Feb 22, 2007

What are the components of a data collection in HMCA?

A data collection comprises one or more data files, plus technical documentation that describes the data. SAS, SPSS, and/or Stata setups are included with many collections.

Data files are often provided in multiple data formats. Every data file is supplied as an ASCII text file and, for many collections, in at least one other format as well, such as Stata files, SPSS portable files, and SAS transport files generated by the SAS XPORT engine or SAS CPORT procedure. SPSS portable and SAS transport files are the most common data formats besides ASCII.

Technical documentation typically includes the following:

  • study description that summarizes the collection
  • file manifest
  • bibliography of related literature
  • description of the study's methodology
  • data collection instrument(s)
  • data map/record layout of the ASCII data file(s)
  • variable descriptions
  • univariate frequencies (for most collections)

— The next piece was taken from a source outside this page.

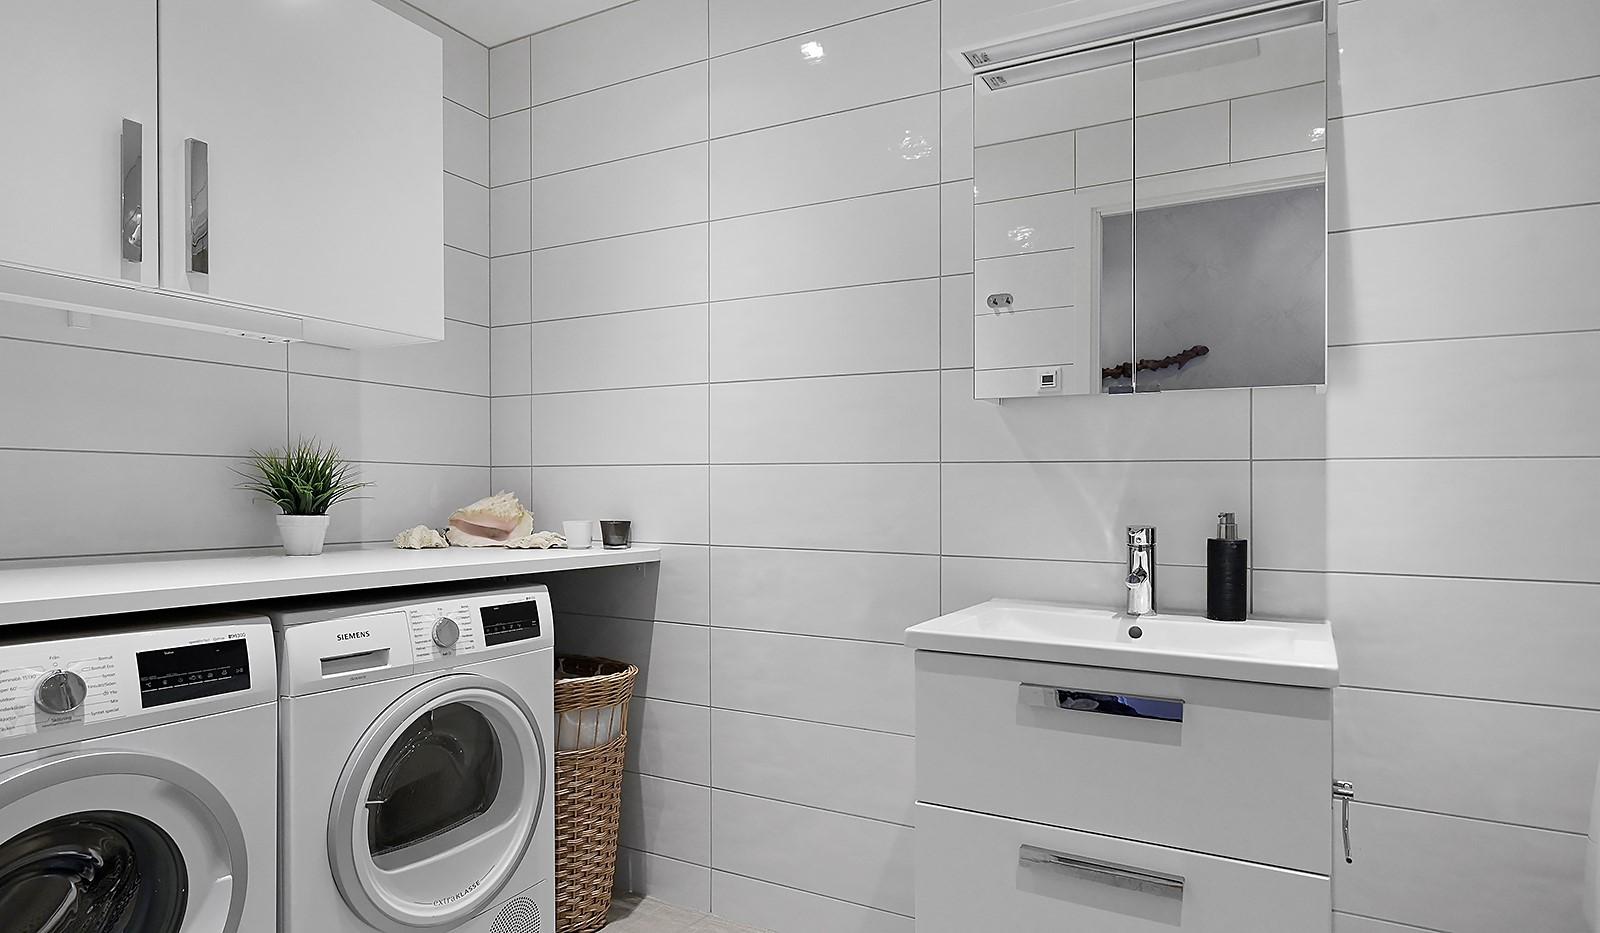 Fredriksdalsgatan 24, vån 2 - Badrummet är utrustat med tvättmaskin och torktumlare

Study descriptions, file manifests, and bibliographies of related literature are presented as separate files. Other components of the documentation may be bundled in a single file or distributed among multiple files. Documentation files are provided in Portable Document Format (PDF) and/or as ASCII text files.

The setups, which usually contain complete variable and value labels and often include missing value declarations or recodes, can be used to create software-specific system files (e.g., SAS datasets) from the ASCII data files.